Maybe it is just that this is what Mom does. Every night. For — for thirty years. She makes the food and then everyone else goes to the other room and she stays in here, and she does the dishes, and nobody — nobody comes back in to ask her if she is okay. Nobody has ever come back in to ask her if she is okay. And tonight that was me. I was the one nobody came back for. And it was one night. It was one single night, and I am standing here crying about it, and she has been doing this every night since before I was born.
I am going to call her tomorrow. I am going to call her and tell her that I love her and that the dinner was hard and that I think she is a saint. I am going to do that tomorrow. Right now I just have to finish the pots.
Coaching notes — This is one of the harder slice of life registers — sad without melodrama, exhausted without complaint, grateful without sentimentality. The character is not crying out loud. The character is crying inside while continuing to do the work in front of them. Keep the voice working. Keep the pacing steady. Do not let the breath catch unless it catches once, briefly, on the phrase nobody came back for. That is the only break. The rest is held. The final sentence — right now I just have to finish the pots — should be delivered as a small return to function, almost a relief.
Monologue 6 — Little Brother, Standing on a Step Stool
A 7-year-old boy on a step stool at the kitchen counter, helping his older sister knead dough for the first time. He is narrating the experience as he goes. The older sister, off-screen, is presumably supervising. The narration is half to himself, half to her.
It is sticky. It is so sticky. Why is it sticky. Why did nobody tell me it was going to be this sticky. I have flour on my arm now.

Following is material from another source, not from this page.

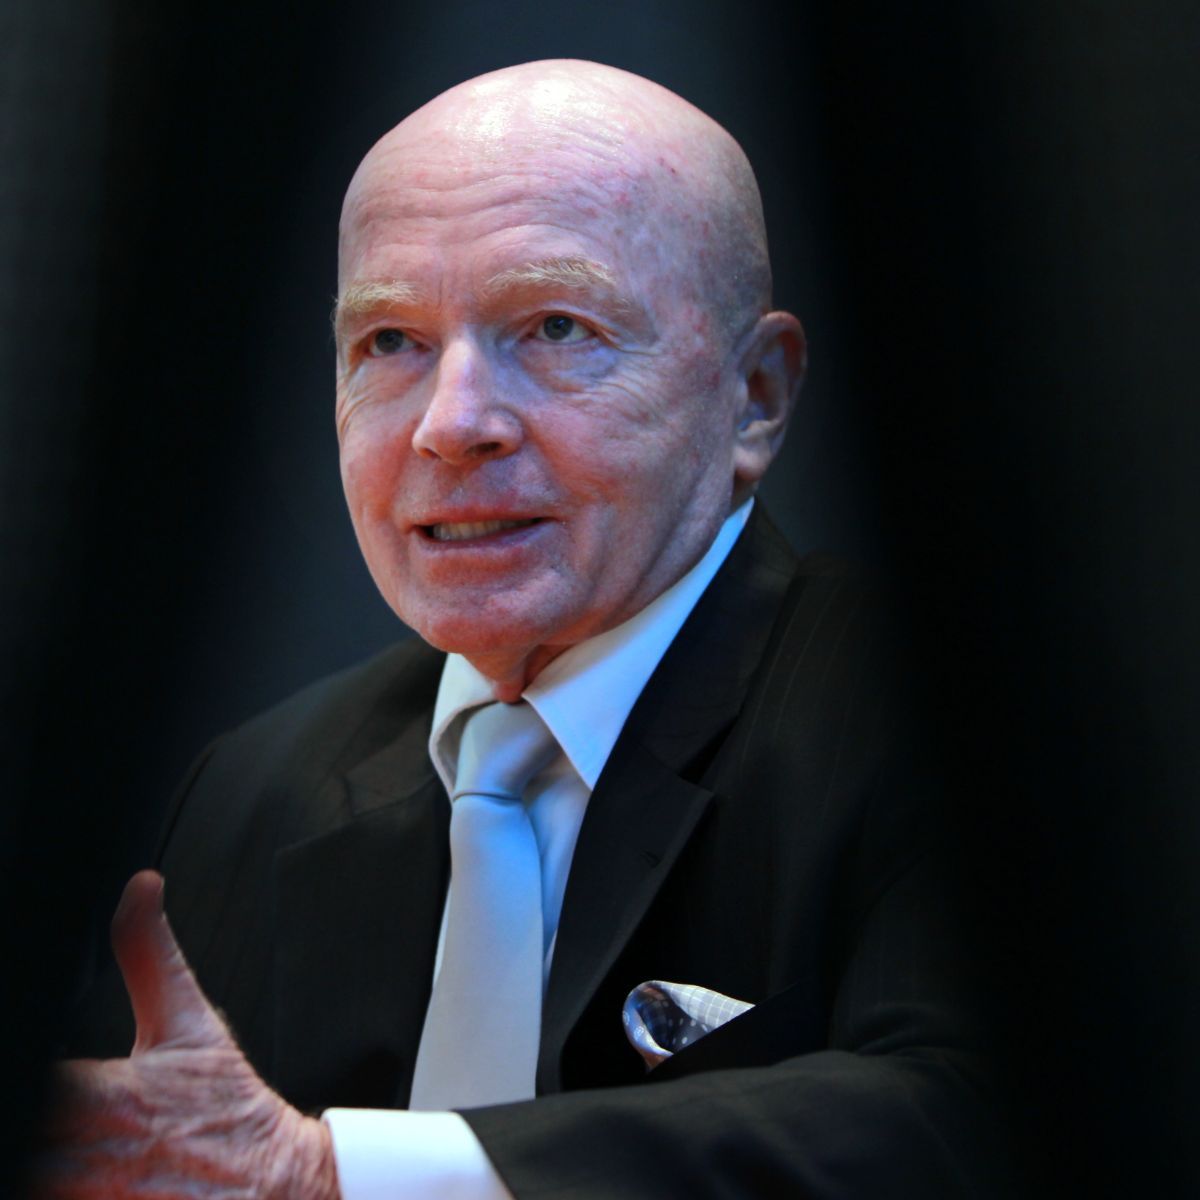 mark mobius net worth forbes

I have flour all the way up to my elbow and I have only been pushing it for, like, four pushes. Four pushes! How does anyone make bread? How is bread real? How is bread real if this is how you make it?
Okay. I am going to push it more. I am going to push it like you said. I am pushing. I am pushing. It is — it is moving. It is moving with my pushes! It is doing the thing! Look! Look at it doing the thing! It is — wait, it is sticking to me again. It is sticking. Why is it sticking again.
I do not understand bread, Onee-chan. I do not understand bread. But I want to keep doing it. I want to keep doing the bread. Even though I do not understand it. I think that is okay. I think that is allowed.
Coaching notes — Child performance in voice acting is a craft of its own. Pitch up about a fifth from your speaking voice, place the resonance bright and forward, and let the words tumble out of order. Real kids do not narrate cleanly. They restart, they exclaim, they interrupt themselves. The line how is bread real is a gift — let it bubble up like a real realization the kid is having on the fly. The last paragraph is the place to suddenly slow down. Kids do that. They get suddenly serious about something for half a sentence and then go back to being kids.
Kitchens are quiet rooms with loud people in them. The voice actor who can hold that contrast — soft delivery, big emotion — will book more slice of life work than the voice actor who matches the volume of the feeling to the volume of the speech. The kitchen wants quiet. Give it quiet. Let the listener lean in.
Drill these six. Trade them with another actor if you have one. Re-record once a week. The fastest way to learn this register is repetition with a forgiving microphone.